A week after my parents lost their oldest son – my brother, Jim – at the World Trade Center on Sept. 11, we were gathered on the front porch of our family home when a car drove up. A man, whom we had never met, had apparently read about our loss in the local paper. He mounted our steps with a crisply folded American flag. “Are you the mother?” he inquired, handing it over. Mom asked him who he was; he replied, “that’s not important,” and he left. The flag was his witness, the only thing he had to give us. We displayed it at my brother’s memorial service.

As a member of Sept. 11 Families for Peaceful Tomorrows – a group of family members of Sept. 11 victims seeking alternatives to war – I speak publicly about the loss of my brother. My witness of that day and the days that have followed are the only thing I have to share. Other members of our group bear witness to their winter visit to Afghanistan, where they learned firsthand the results of the U.S.-led bombing on its civilian population.

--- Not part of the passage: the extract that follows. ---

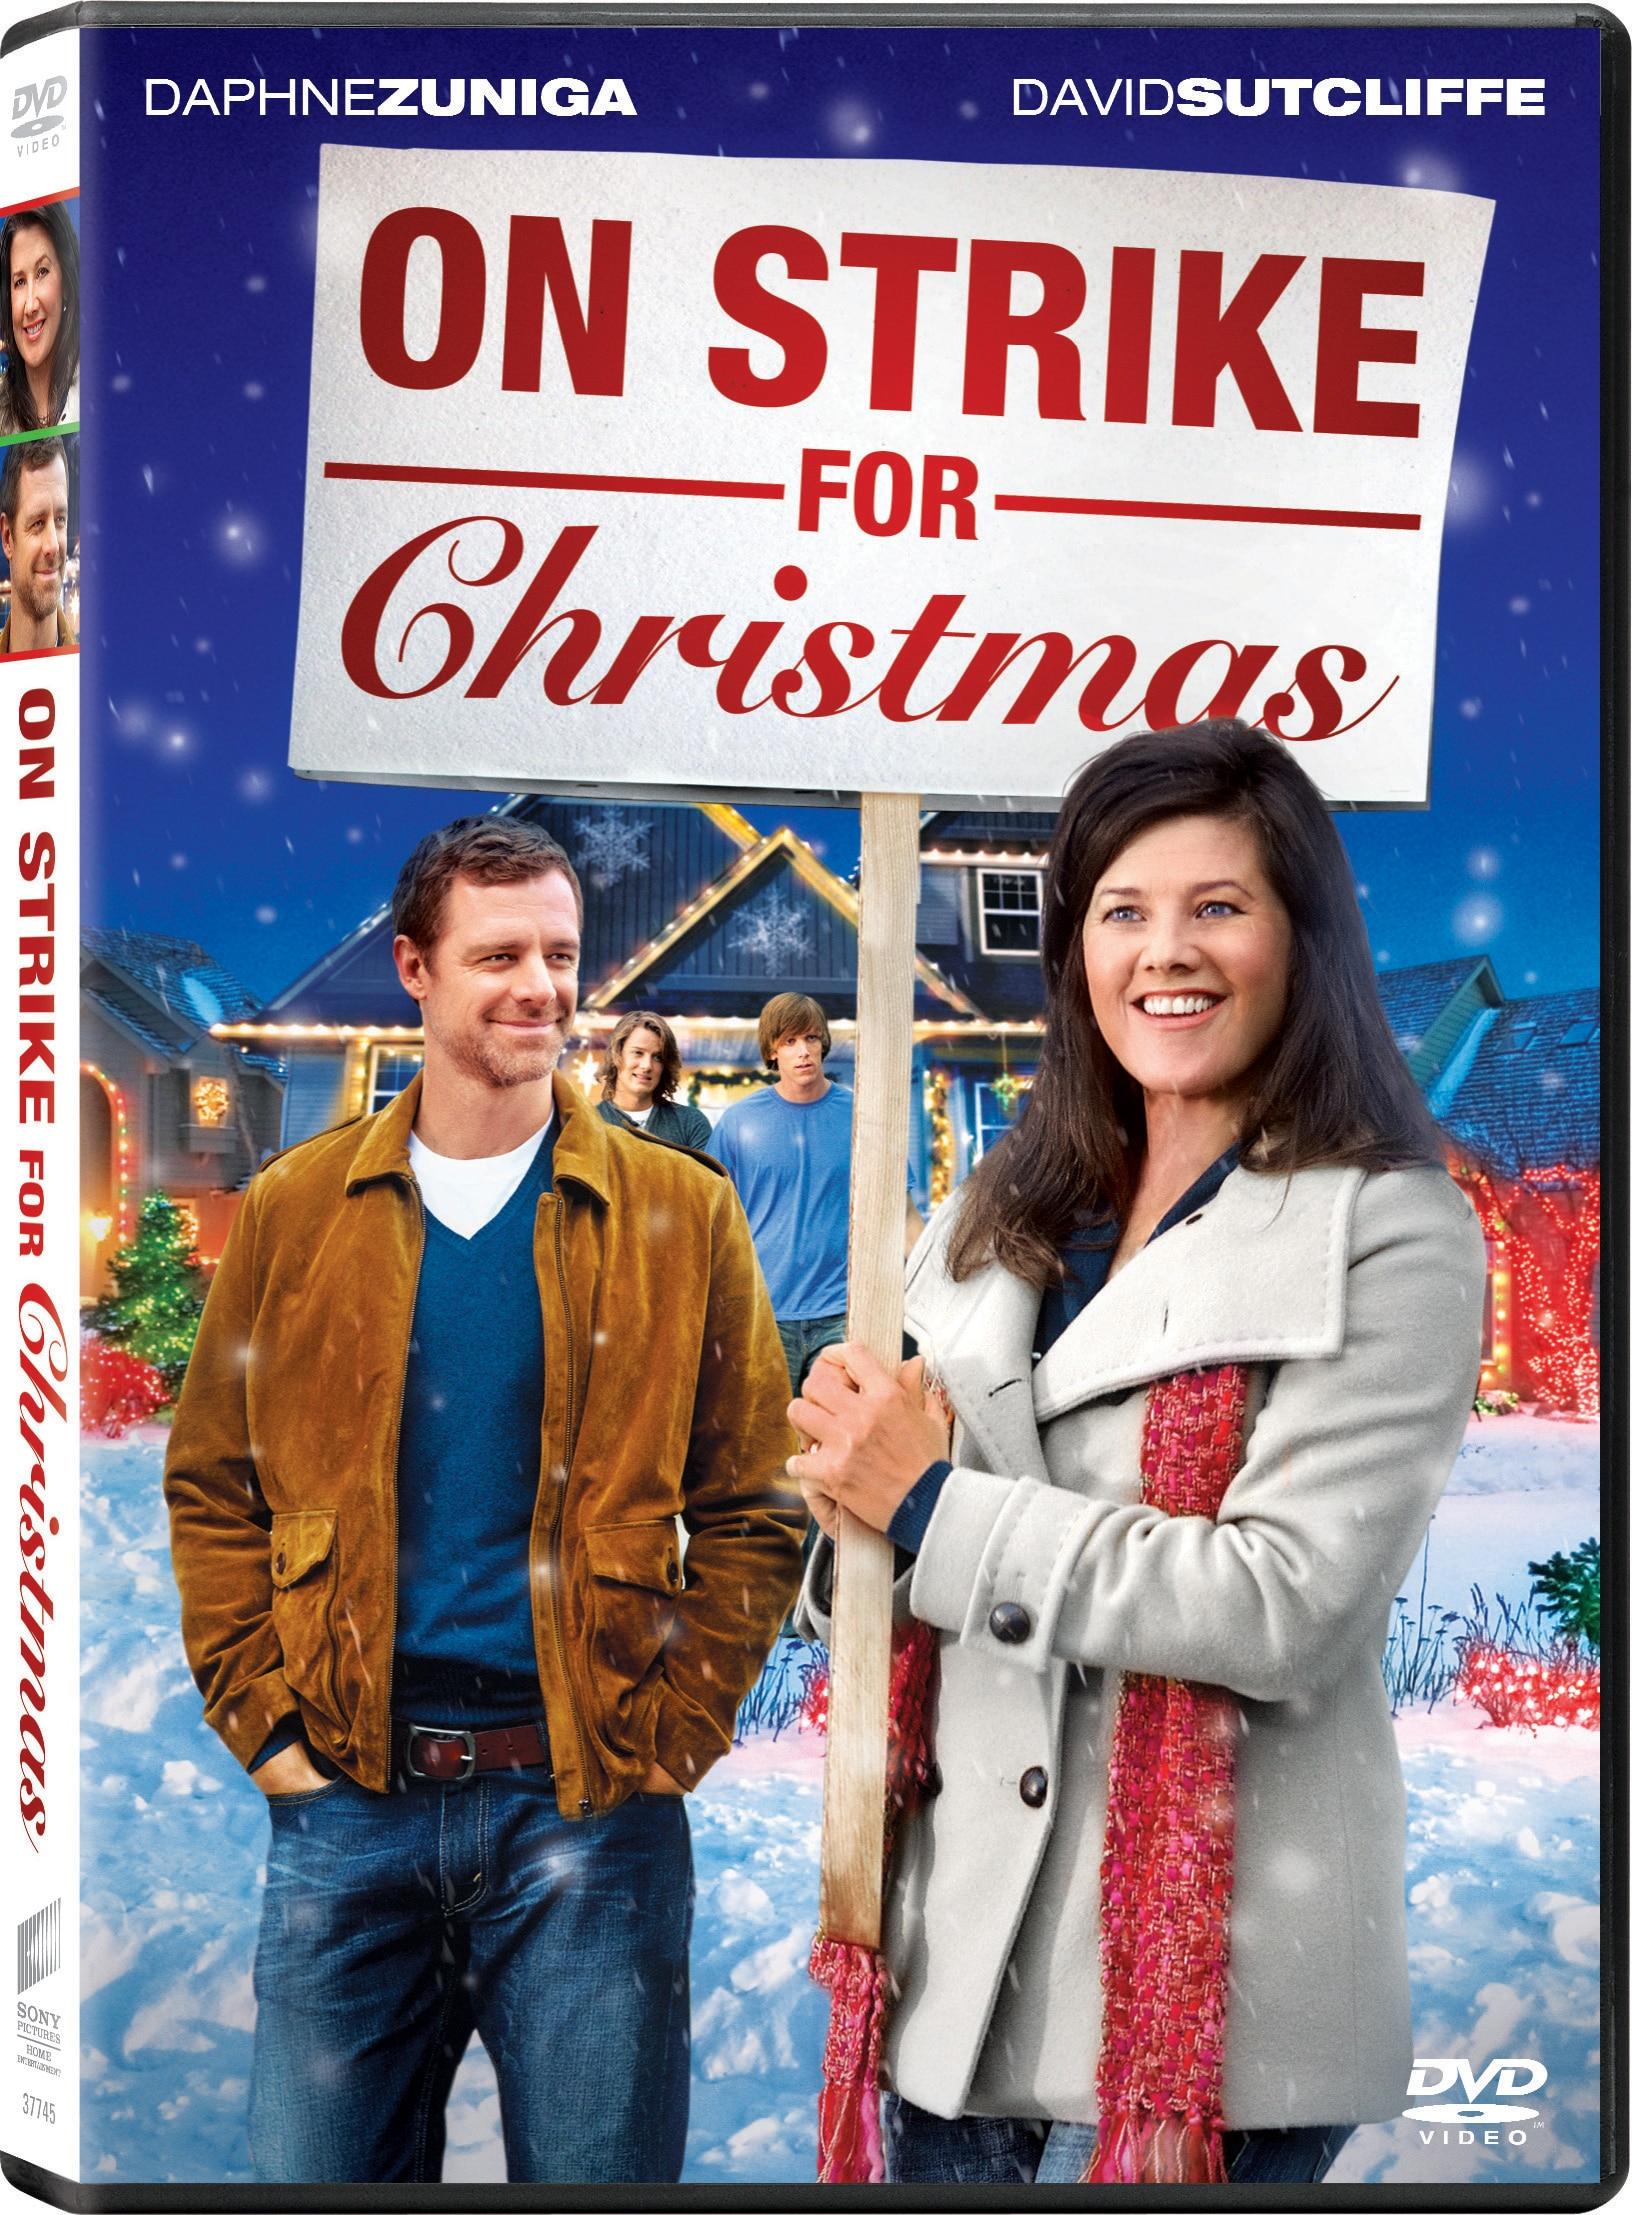 On Strike for Christmas (DVD)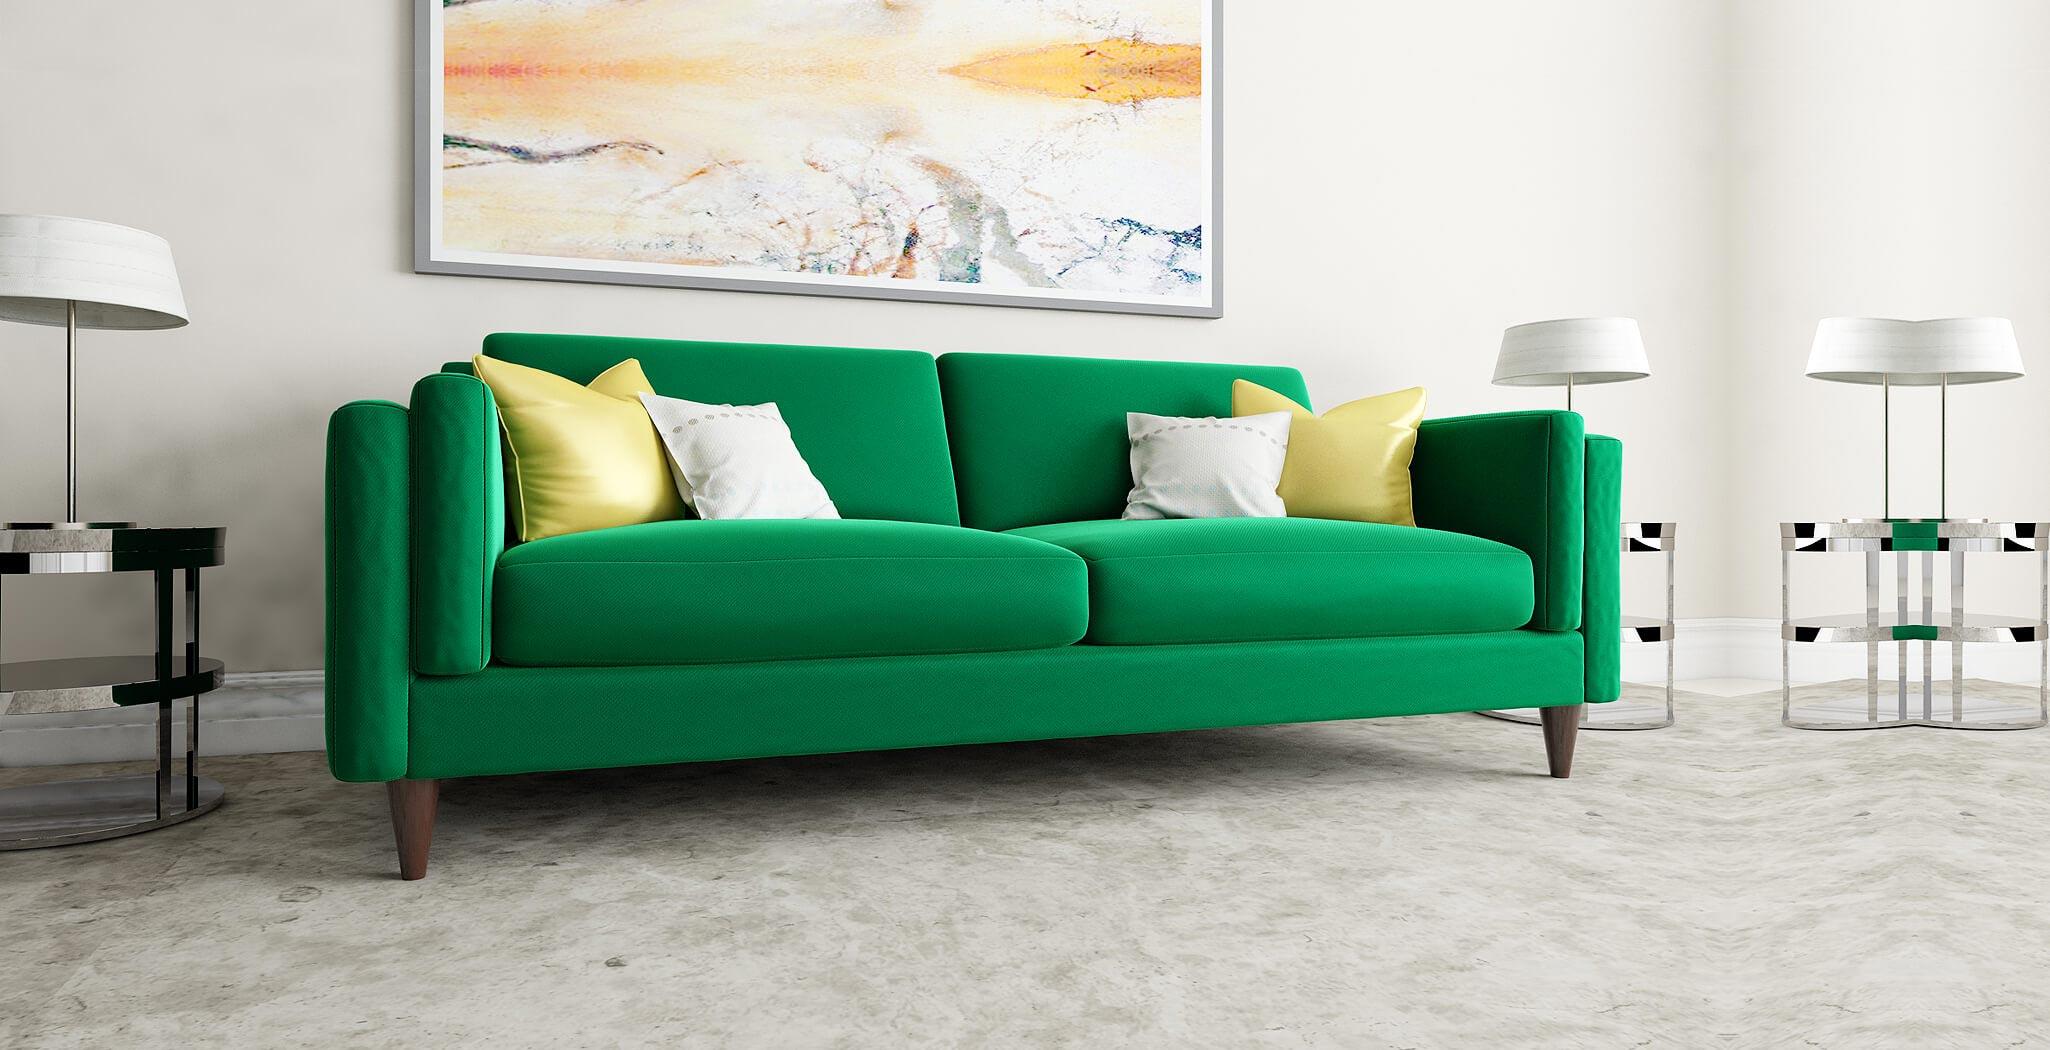 helsinki sofa furniture gallery 5

“I’m sorry for the Sept. 11 situation in your beautiful country,” reads a card they brought back from Hangama Omer, a teenage girl living in Kabul. “As you might know, the same situations have happened repeatedly in our country for the past 20 years.” She goes on: “Accept our greetings. Please do not forget us.”

Others hear their faith calling and asking not to be forgotten. One religious assembly in my town, faced with the challenge of how people of faith are compelled to react to current events, have taken their testimony to the streets. They have declared themselves a “Just Peace Church,” publishing a resolution and covenant stating, among other things, “Whereas we aspire to a prophetically critical witness in our community, in the face of our own uncertainty … we resolve to strive to bear witness to God’s liberating, peacemaking, and justice-doing presence in the world …”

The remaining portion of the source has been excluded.